SANDY WEILL AND MARTHA STEWART: SAME FOLKS, DIFFERENT TALES
by Mark Scheinbaum
American Reporter Correspondent
October 25, 2002
LAKE WORTH, Fla., Oct. 25, 2002 -- The end of October is a good time to reflect on Wall Street's history, and there are plenty of recent headlines which will make the academics scratch their heads in years to come.
Here are some recent items to ponder.
But, an equitable world in which insider trading favors lead to Ms. Stewart's punishment, should at least call for the most thorough review of one of Wall Street's fair-haired boys, Citigroup CEO Sandy Weill.
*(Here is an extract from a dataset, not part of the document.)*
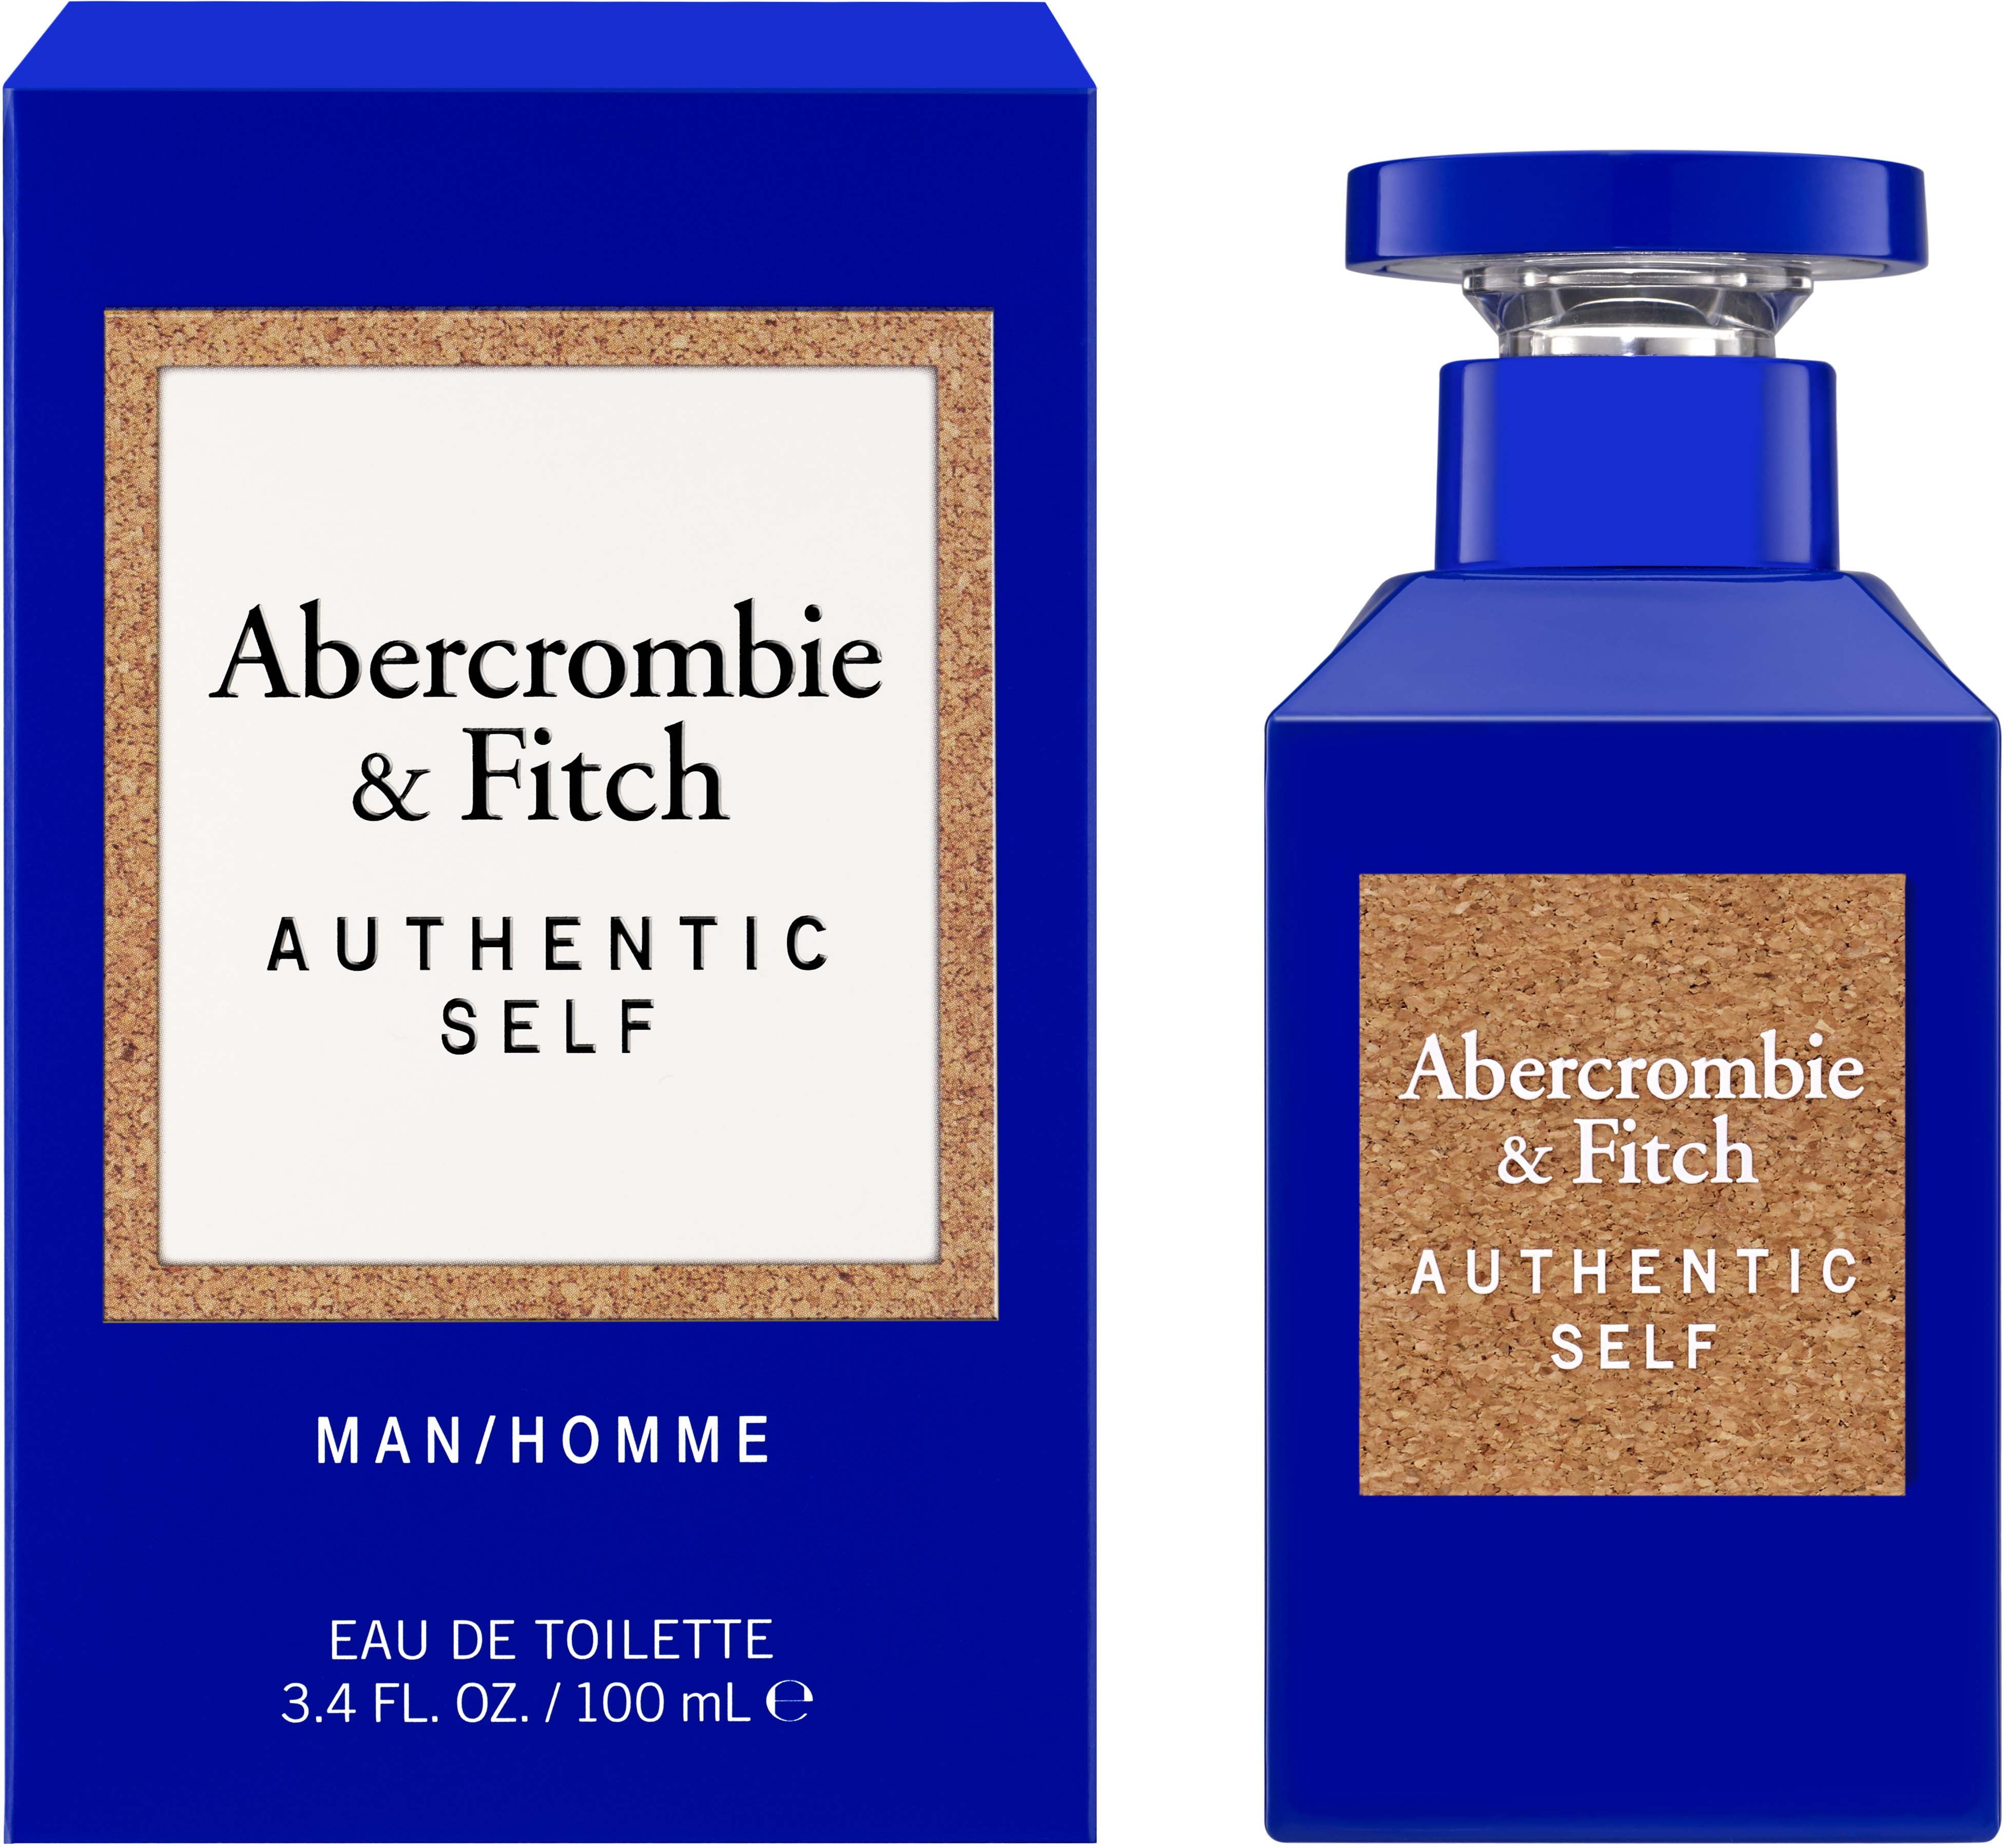 Abercrombie & Fitch Authentic Self Men Eau de Toilette 100 ml

News reports tell us that the New York State Attorney General's office will look at Weill's role, if any, in the analysts' scandal sweeping through Citigroup's Salomon Smith Barney division and other firms. This is like filing suit against your decorator because the bathroom fixtures are the wrong color, when the foundation of your new home is sinking into the mud and cracking. The U.S. Justice Department and the SEC need to look at the entire lobbying environment which killed the Depression Era Glass-Steagal Act, and allowed Travelers Insurance-Citibank - and Smith Barney to merge.
Let's see: the head of Citigroup sat on the AT&T board of directors; the head of AT&T sat on the Citigroup board. Sandy's friend, the AT&T analyst for Citigroup - oops, I mean Smith Barney - who never seemed to like AT&T, changes his mind which makes his boss happy. His happy boss and AT&T's happy boss, do a happy deal, probably over a happy meal which more than likely was at "21" than the MacDonald's variety.
Who got paid? Who asked to get paid? Which politicians encouraged being paid? Which former officeholders greased the wheels? Did former U.S. Treasury Secretary Robert Rubin, former vice chairman of Goldman Sachs, who joined Citigroup after the law was changed, act in a neutral and legal manner? Maybe yes? Maybe no?
I have favored harsh review of Martha, but demand a much harsher review of Sandy.
The confusion investors now have is trying to figure out which electric utilities actually produce and sell power to consumers at the lowest rate possible, and which are shells for other, sometimes unrelated, businesses. Once the names helped us out: Detroit Edison; American Electric Power, Toledo Edison, Con Ed, and so forth. Now, the generically sleek names and logos often hide property management and marine shipping firms, re-insurance companies, telephone directory publishers, and home improvement contractors.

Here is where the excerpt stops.